Utkur Mirsaidov scite author profile

Metallic chiral nanoparticles (CNPs) with a nominal helical pitch (P) of sub‐10 nm contain inherent chirality and are promisingly applied to diverse prominent enantiomer‐related applications. However, the sub‐wavelength P physically results in weak optical activity (OA) to prohibit the development of these applications. Herein, a facile method to amplify the CNPs' OA by alloying the host CNPs with metals through a three‐step layer‐by‐layer glancing angle deposition (GLAD) method is devised. Promoted by the GLAD‐induced heating effect, the solute metallic atoms diffuse into the host CNPs to create binary alloy CNPs.
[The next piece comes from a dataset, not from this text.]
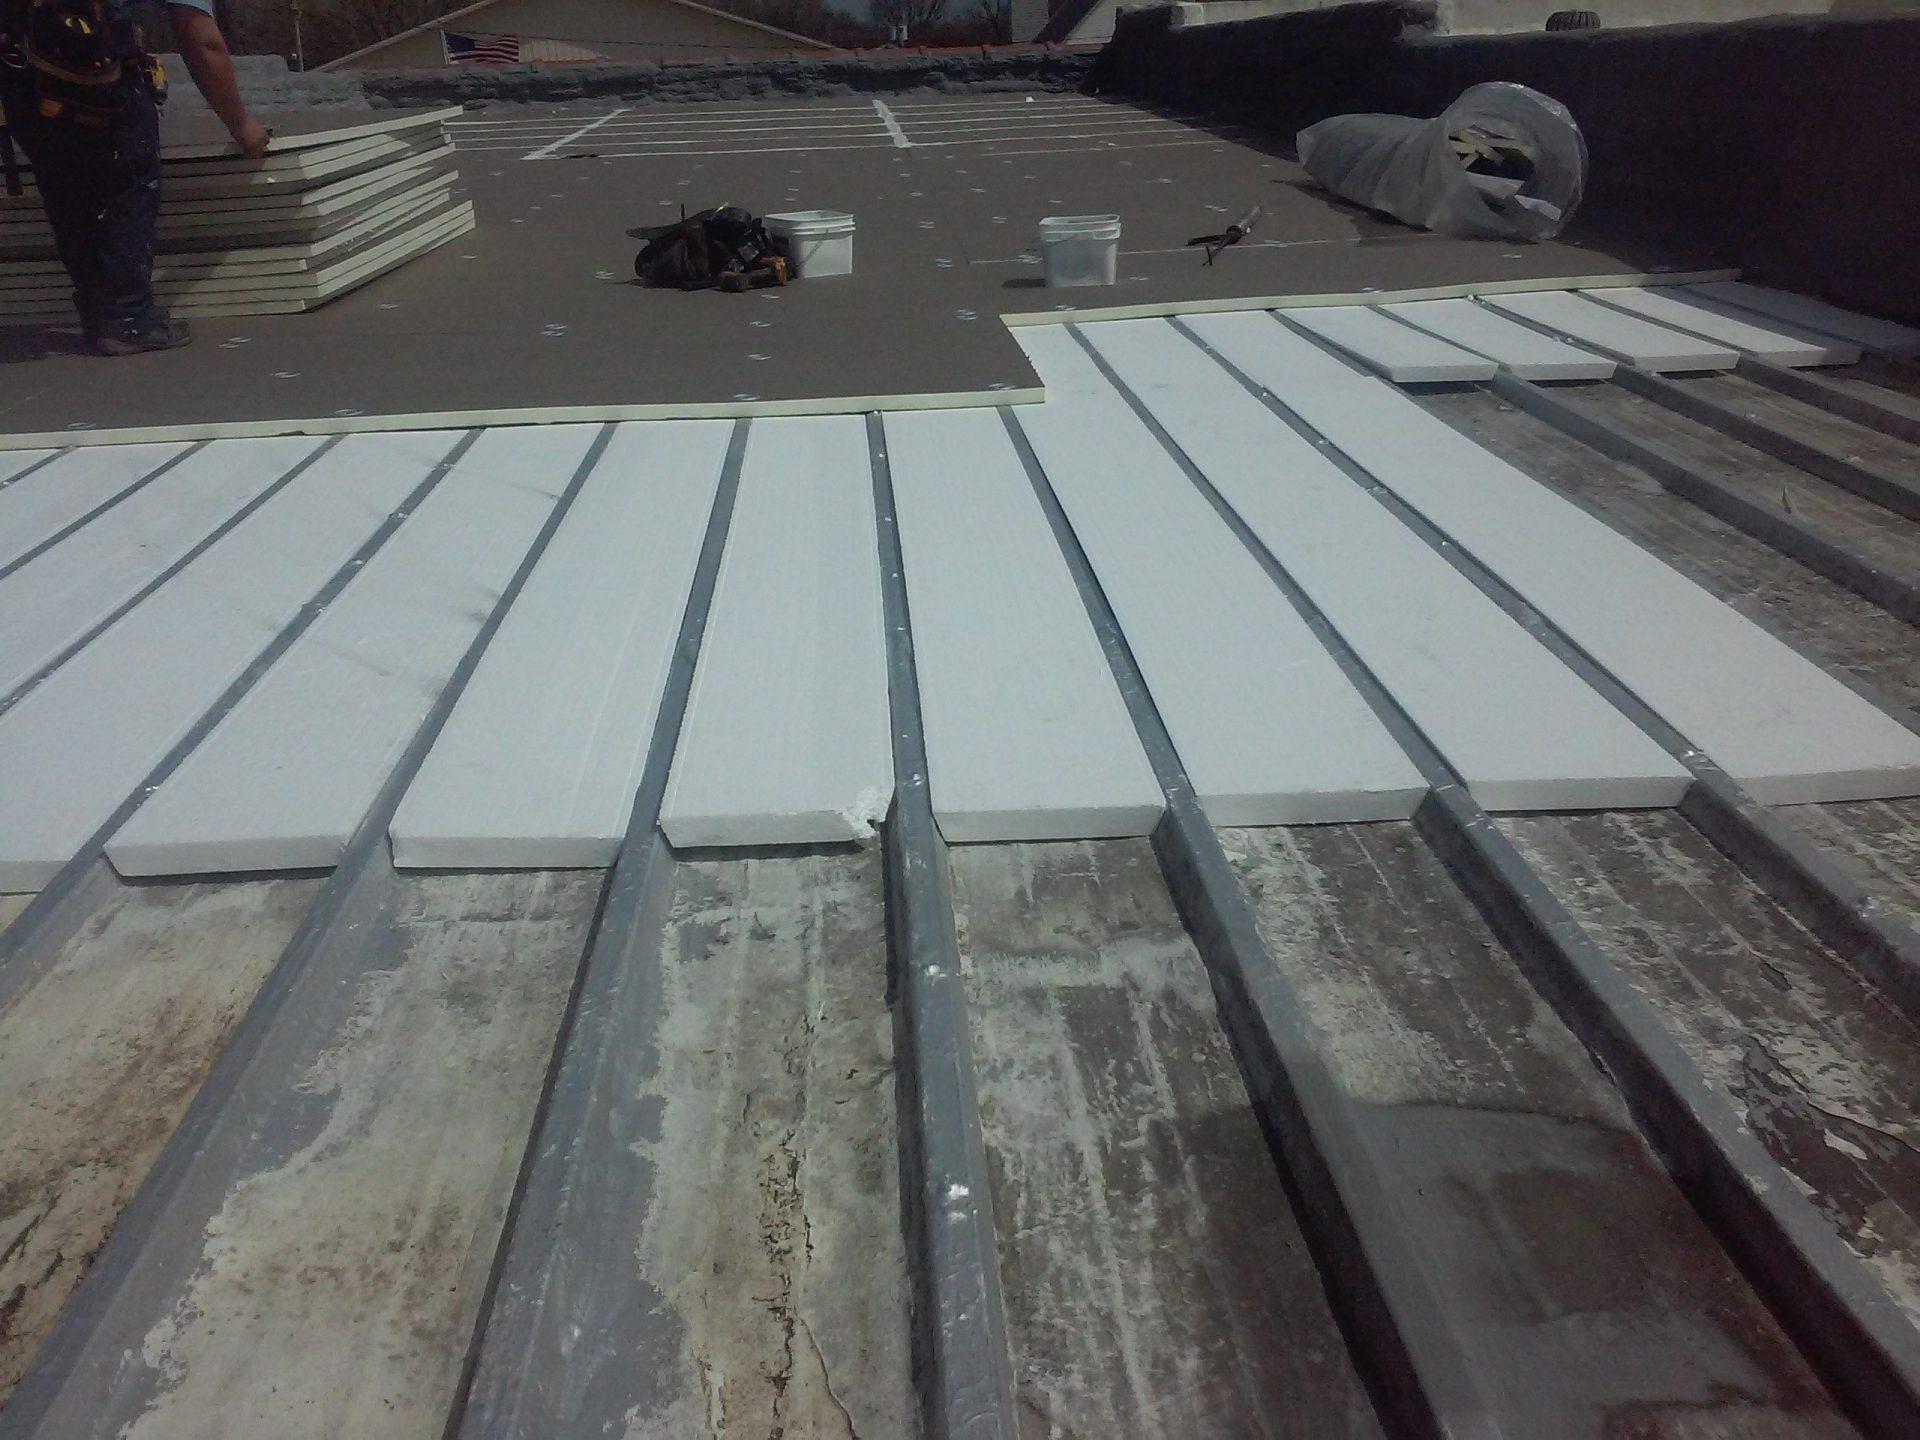 roof restoration in progress

Chiral alloying not only induces the plasmonic OA of the diffused solute and the created alloys but also amplifies that of the host CNPs, generally occurring for alloying Ag CNPs with diverse metals (including Cu, Au, Al, and Fe) and alloying Cu CNPs with Ag. Furthermore, the chiral alloying leads to an enhancement of refractive index sensitivity of the CNPs. The alloy CNPs with amplified plasmonic OA pave the way for potentially developing important chirality‐related applications in the fields of heterogeneous asymmetric catalysis, enantiodifferentiation, enantioseparation, biosensing, and bioimaging.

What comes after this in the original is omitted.